The Warrior Prophet
- First edition
- Author: R. Scott Bakker
- Audio read by: David DeVries
- Language: English
- Series: Prince of Nothing
- Genre: Fantasy
- Published: 2005
- Publisher: Overlook Press
- Media type: Print (hardback, paperback), e-book, audiobook
- Pages: 640 pages
- ISBN: 1585675601
- Preceded by: The Darkness That Comes Before
- Followed by: The Thousandfold Thought

= The Warrior Prophet (novel) =

2005 book by R. Scott Bakker

The Warrior Prophet is the second book in the Prince of Nothing series by R. Scott Bakker. It was first published in hardback on January 13, 2005 through The Overlook Press and was released in paperback in 2008. It was preceded by the 2003 book The Darkness That Comes Before and the trilogy concluded in 2006 with The Thousandfold Thought.

==Synopsis==
A battle has been waged against the heathen Fanim, but the Holy War is far from over and infighting has led to tension and delays. Meanwhile Kellhus has been patiently gaining a stronger following.

==Reception==
Critical reception has been mostly positive and the novel has received praise from Publishers Weekly and the Edmonton Journal.
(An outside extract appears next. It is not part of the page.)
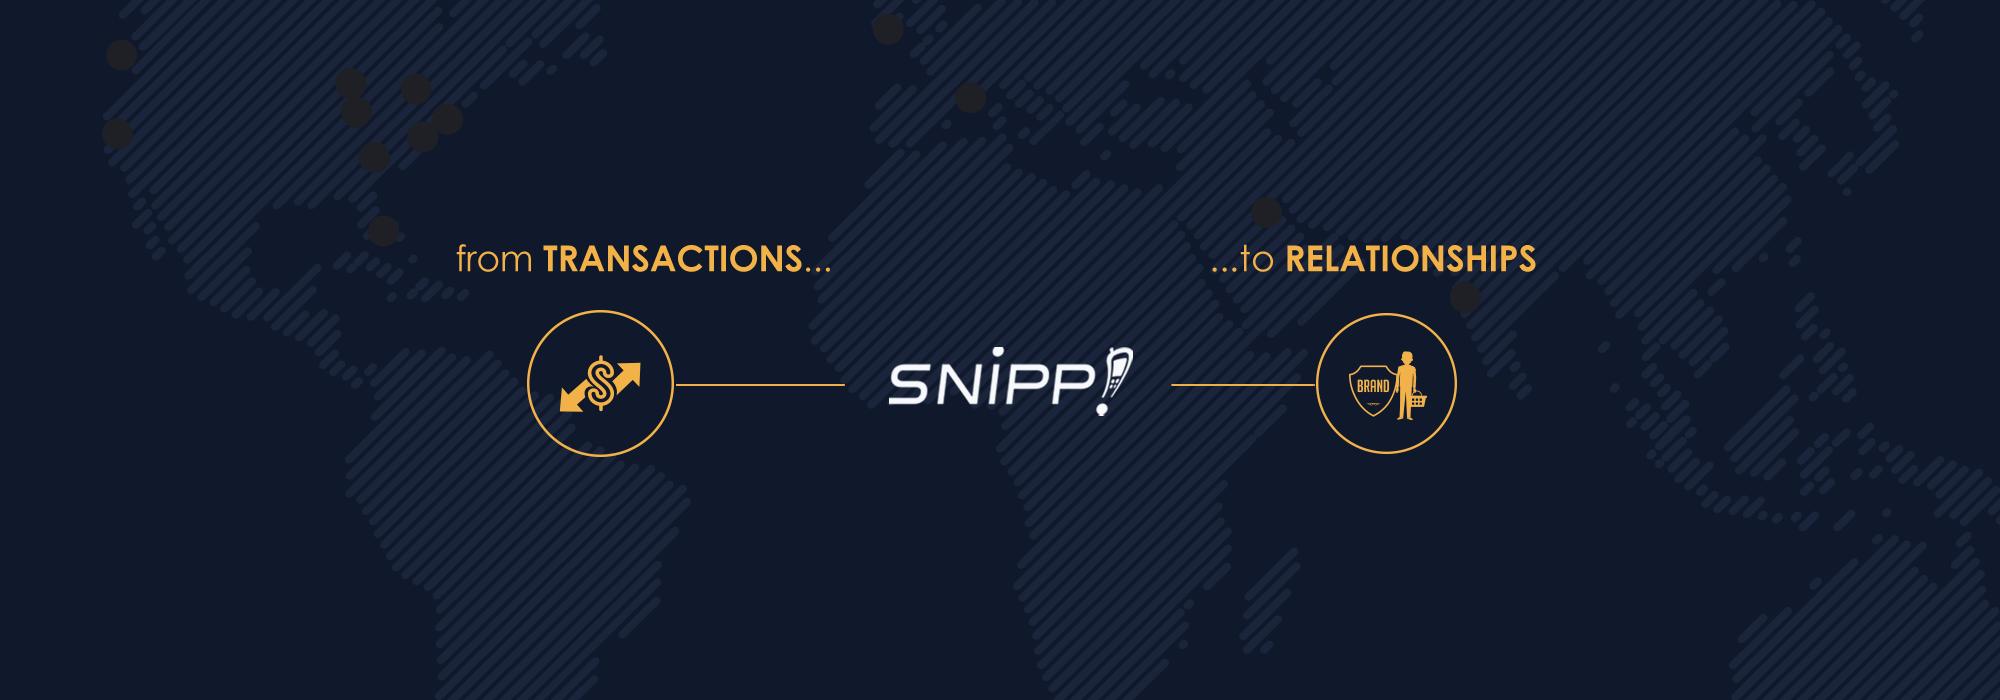 Snipp Contact Us

In her review for the SF Site, Victoria Strauss rated The Warrior Prophet favorably, praising Bakker for his "meticulous world building" and "delving unflinchingly into the exalted heights and seamy depths of human nature". The Bookseller favorably compared Bakker to Anne Rice and George R. R. Martin, also stating that "Dense and demanding are not terms you would use to describe most commercial fantasy, but I feel they are the very reasons why this should sell well." The Guardian was slightly mixed in their review, writing that the book suffered from Bakker having only one year to write the novel and that "The Warrior Prophet is a good book; with more stringent editing, it could have brilliant. That said, it still leaves most of the competition trailing."